Rolling back during Phase 2: The dangerous middle. Reads might be partially shifted. The right move is to flip the feature flag to 0% (back to the old column for reads), keep the dual-write running, and investigate. The new column's data isn't lost—it's just dormant. You can restart the migration once you understand what happened.

Rolling back from Phase 3: This is the hardest case because the rename is real. If you renamed id to id_old_deprecated and id_new to id, the rollback is to rename them back. The data is intact. The pain is that any deploy in between assumed the new naming, so you may need to revert application deploys too.

I write the rollback SQL at the same time as the forward migration SQL. Two files, side by side.

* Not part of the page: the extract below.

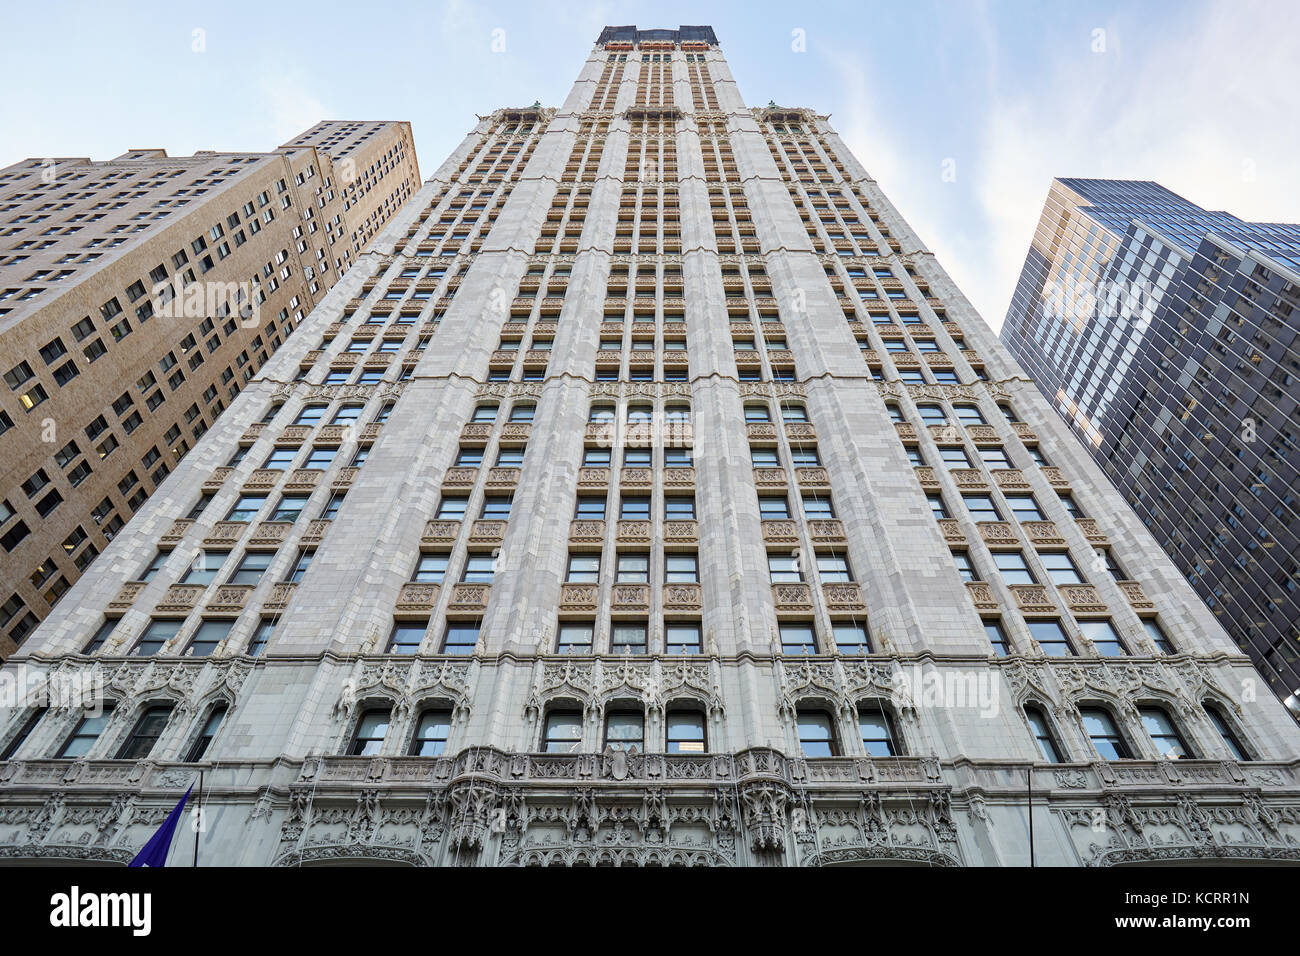 Woolworth Building skyscraper Low Angle View in New York Stockfoto

If a migration is too complex to write a clean rollback for, that's a signal the migration is too complex—simplify it before shipping.

A Note on Writing Migrations With AI

I want to say something honest about Antigravity's role in this kind of work. The model is excellent at the mechanical parts: generating the SQL skeletons, suggesting safer variants, catching obvious lock issues. It is not a substitute for understanding what your data layer actually does under load.

I treat Antigravity's output the way I'd treat a junior engineer's pull request: helpful, often correct, occasionally subtly wrong in ways that only show up in production. The Plan Mode review is invaluable for catching the obvious, but I never ship a migration I haven't personally walked through line by line.

What changed for me with Antigravity isn't that I think less about migrations. It's that I write more of them. The activation energy of "design the Expand-Contract plan, write the SQL, write the dual-write code, write the backfill, write the rollback, document everything" used to be high enough that I postponed schema changes I knew I needed. Now the activation energy is low enough that I do them, and the process makes me better at them every time.